Something that I think is really important to note is that although my greatest opportunity stemmed from the most horrific event, I would give anything to take it all back. If I could bring back the lives of those 67 people and still be working in a clothes shop today, I would. No career, no lifestyle, no amount of money is ever worth more than a human life.
Q: What unique and creative strategies if any did you use when you were first getting started?
There was nothing creative about my beginning in the industry, I saw an opportunity and I took it. Obviously never studying journalism or working in television before, I was behind the eight ball when I first started my work experience. I asked so many questions, I took notes on everything and I made sure that I understood everything that was being taught to me before I moved on.
Q: What mindset distinguished you from others who were doing the same thing? How did you develop it?
I think the difference in my mindset from others who were striving to get in to the media, is that I wasn’t taught what I knew of the industry in school. I lived it. I went out and taught it to myself. Instead of doing a journalism degree I was travelling with an SLR, conducting interviews in Indonesian orphanages or small towns in Africa.
3. What is your definition of success?
To me, success is about ambition and drive. It doesn’t matter what your job is or how much money you earn, if you are putting forward your best effort, in whatever position you’re in, then you are successful. Be passionate about whatever it is that you do. Be proud of who you are, where you have come from and where you want to end up, wherever that may be.
Q: What do you think is the main reason why some people face failure when going after their vision?
I don’t really think failure is something that people should ever be thinking about.

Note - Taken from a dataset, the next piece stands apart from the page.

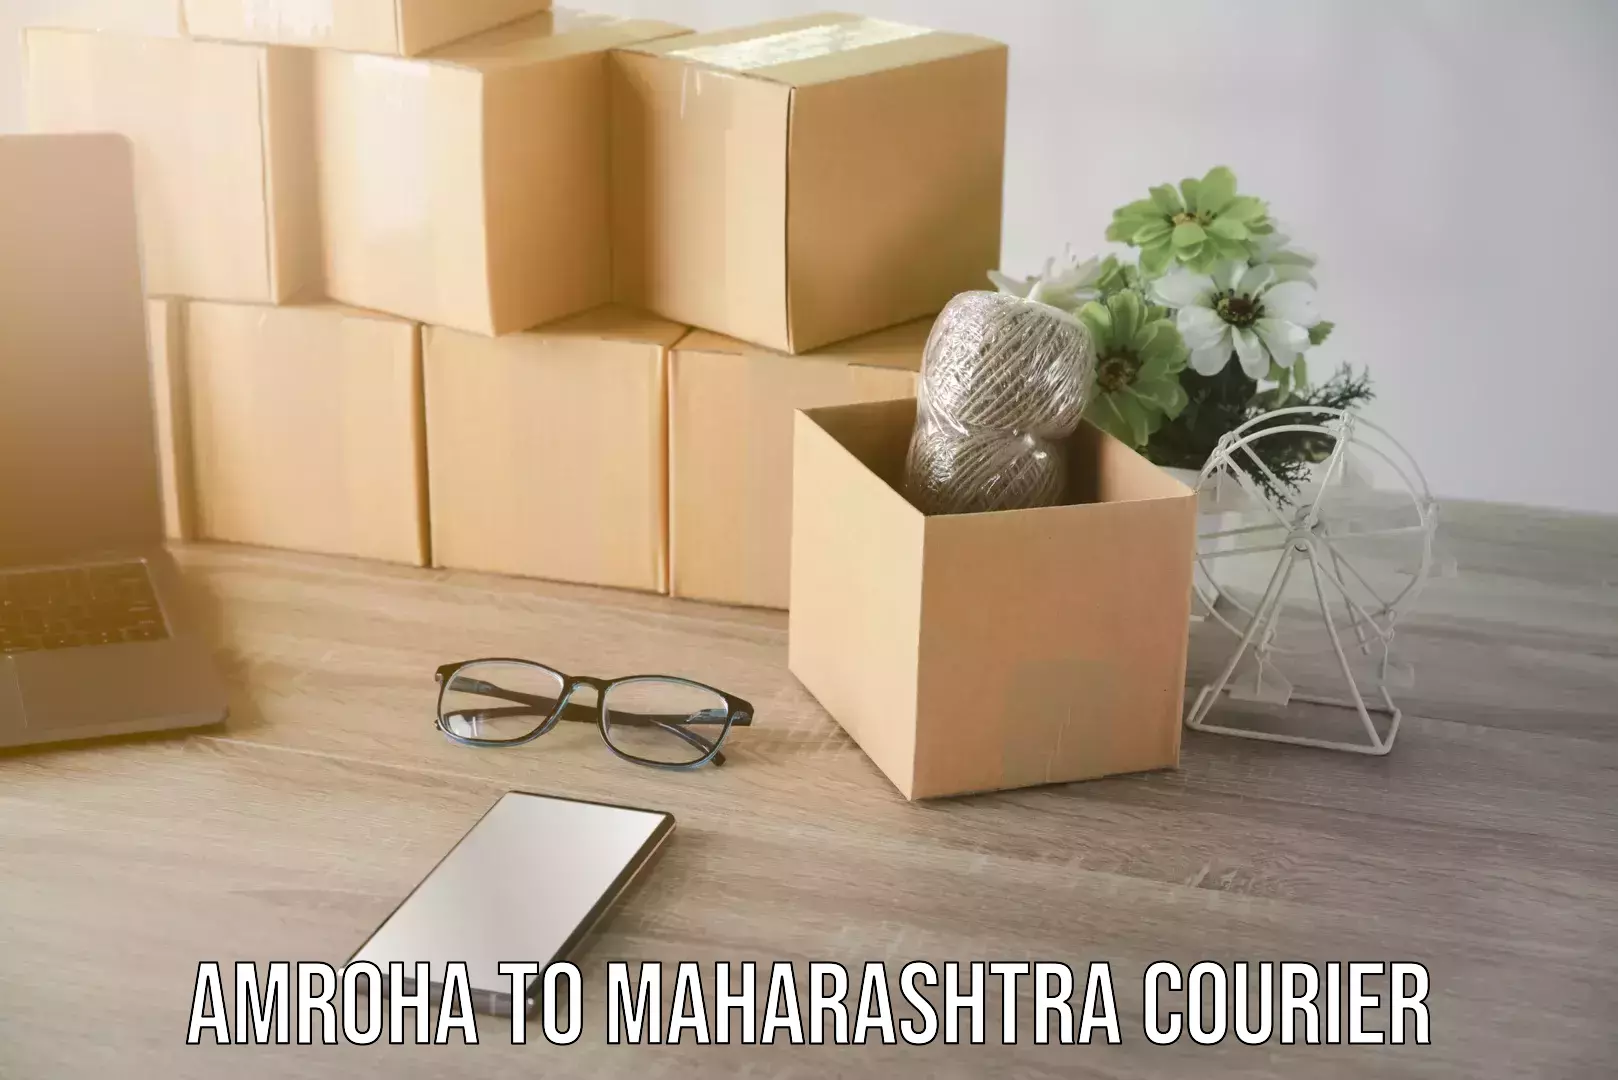 Pharmaceutical courier Amroha to Maharashtra

If you fail to get to where you want to be it is probably because you’re just not ready for it yet. Start off small to begin with and over time, you will develop the knowledge and skills that are necessary to achieve your end goal. Learning from your mistakes is the exact reason as to why there is no such thing as failure. You can’t fail if you are learning because to learn is to better yourself.
5. What is the best piece of advice you have received or came across and would like to share with everyone?
Don’t take other peoples opinions of who you are, or what you do, personally. Everybody is going to have an opinion of you and what you do but very few will ever understand you of get to know you.